◆ **Task goal**
With the pictures excluded, reproduce all of the data exactly.

◆ **Provided material**
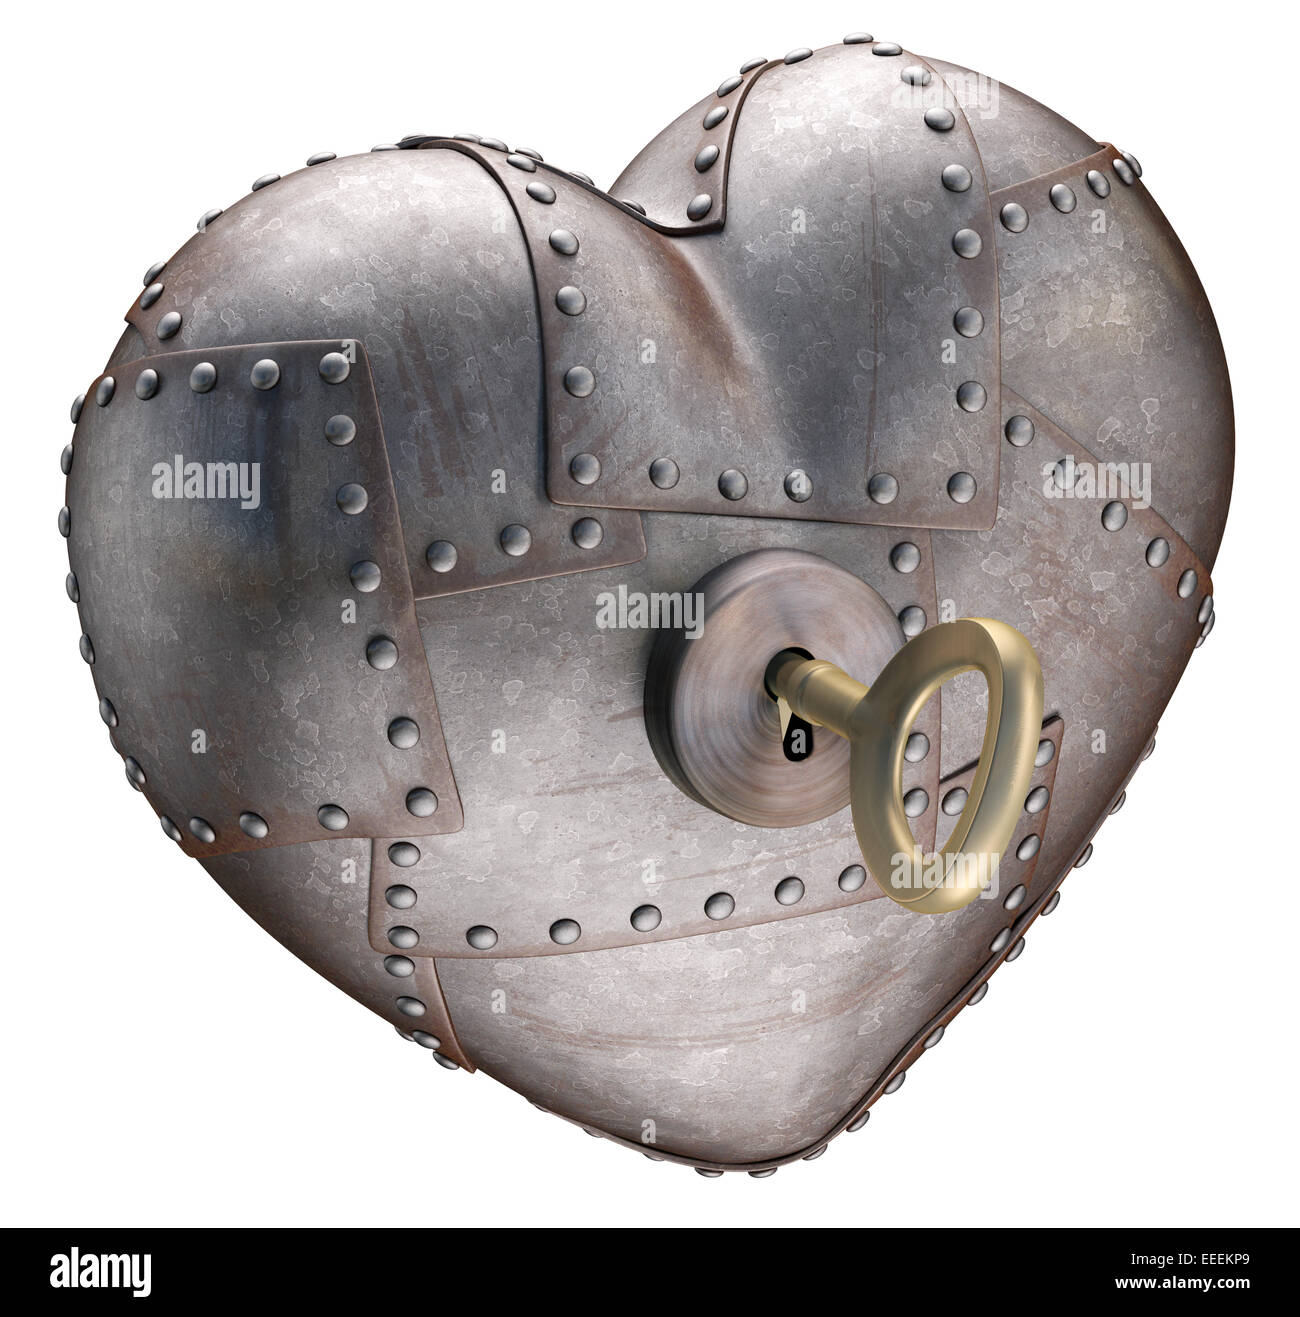 Metal heart being opened by a key. Clipping path included. Stock Photo
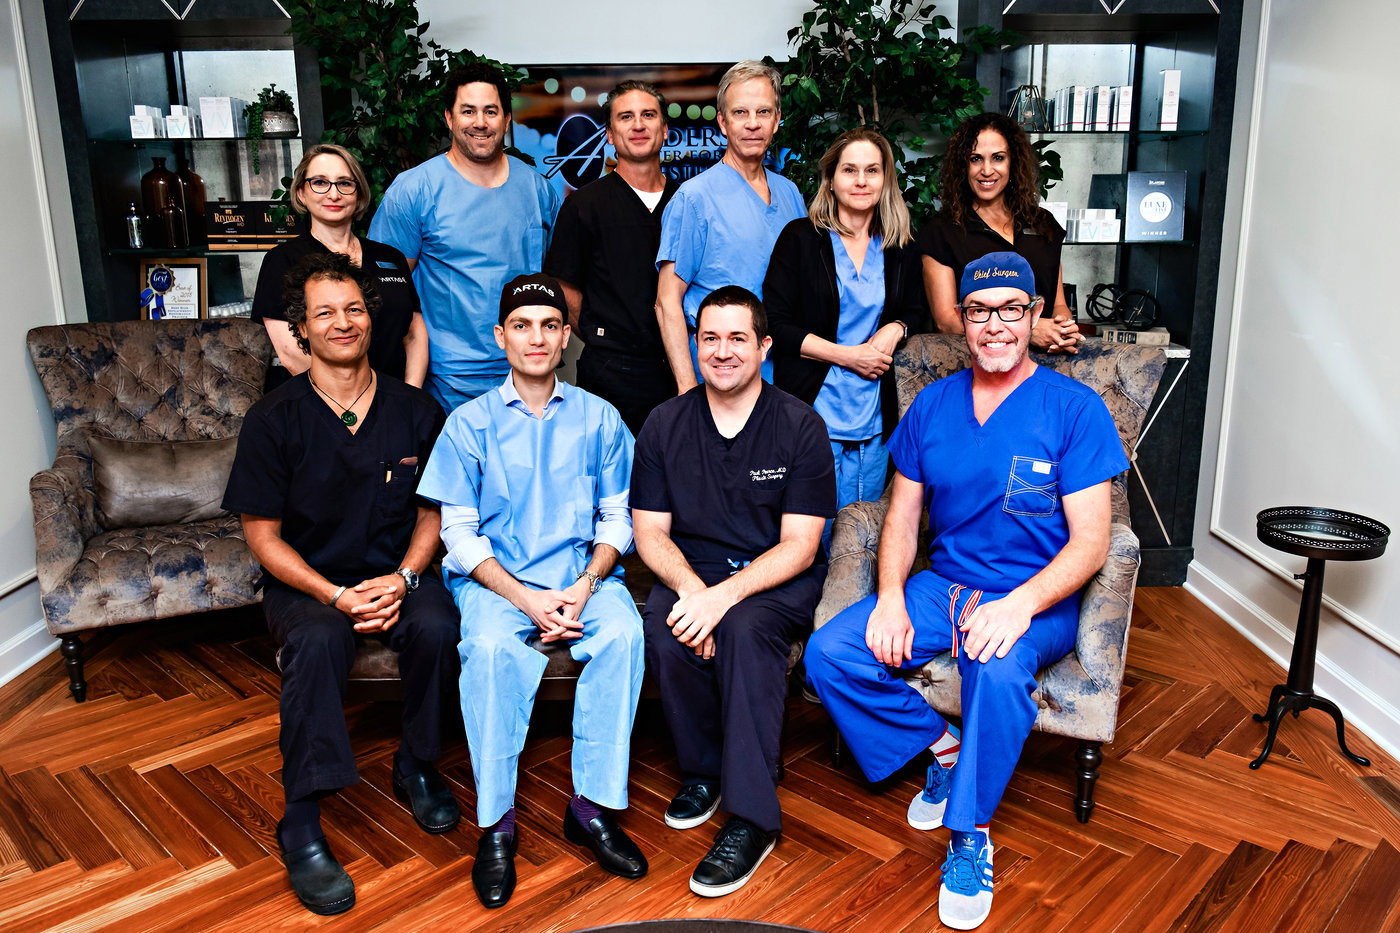 Dr. Ken Anderson teaches a Masters’ Class at the American Academy of Hair Restoration Surgery (AAHRS) in Alpharetta, GA in 2019.
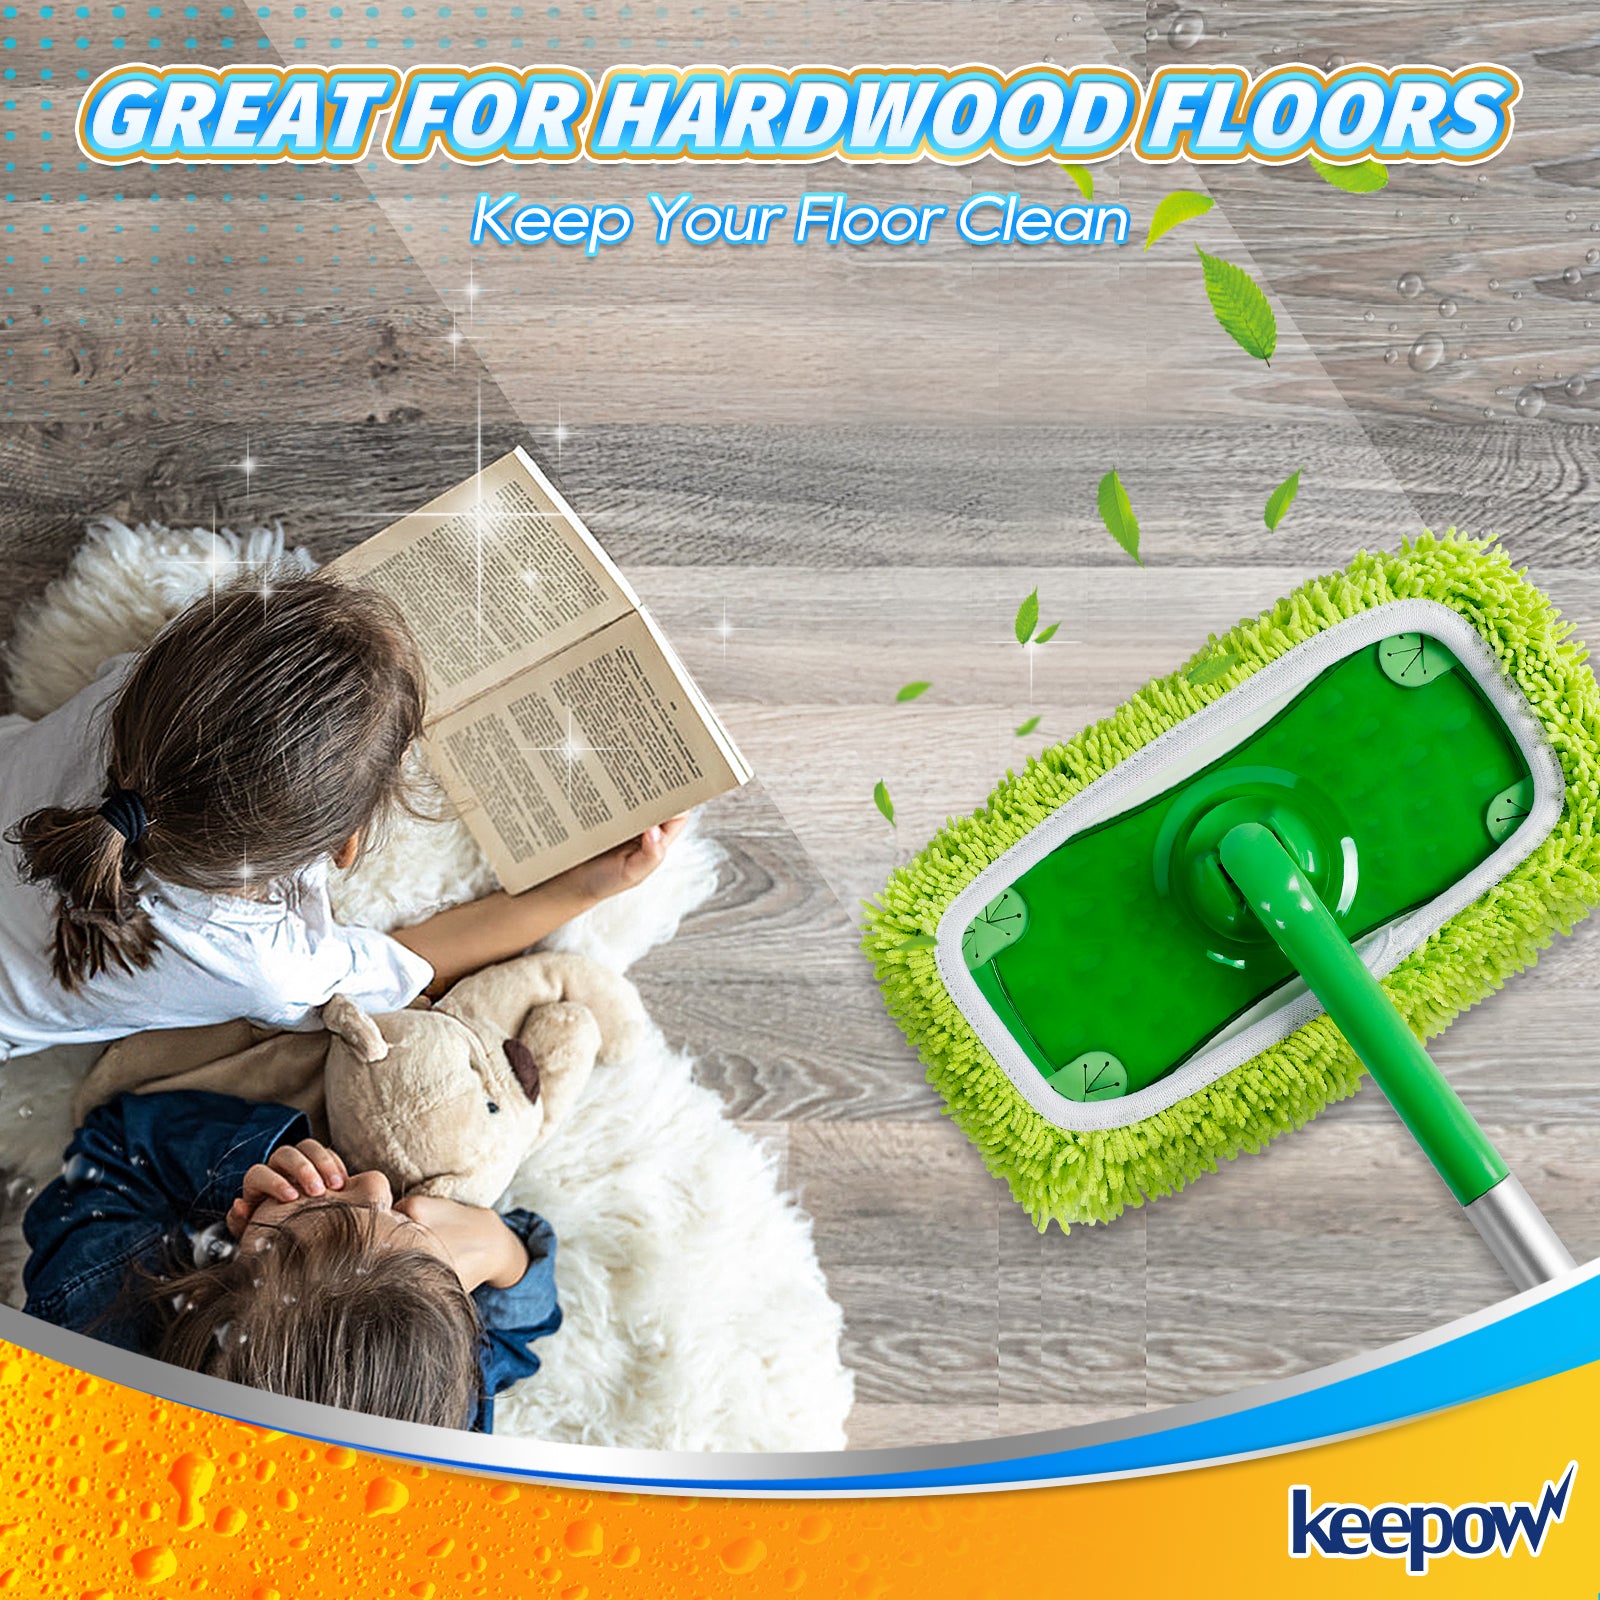 Keepow green Dry Sweeping Cloths for swiffer

◆ **Exercise response**
 Metal heart being opened by a key. Clipping path included. Stock Photo
 Dr. Ken Anderson teaches a Masters’ Class at the American Academy of Hair Restoration Surgery (AAHRS) in Alpharetta, GA in 2019.
 Keepow green Dry Sweeping Cloths for swiffer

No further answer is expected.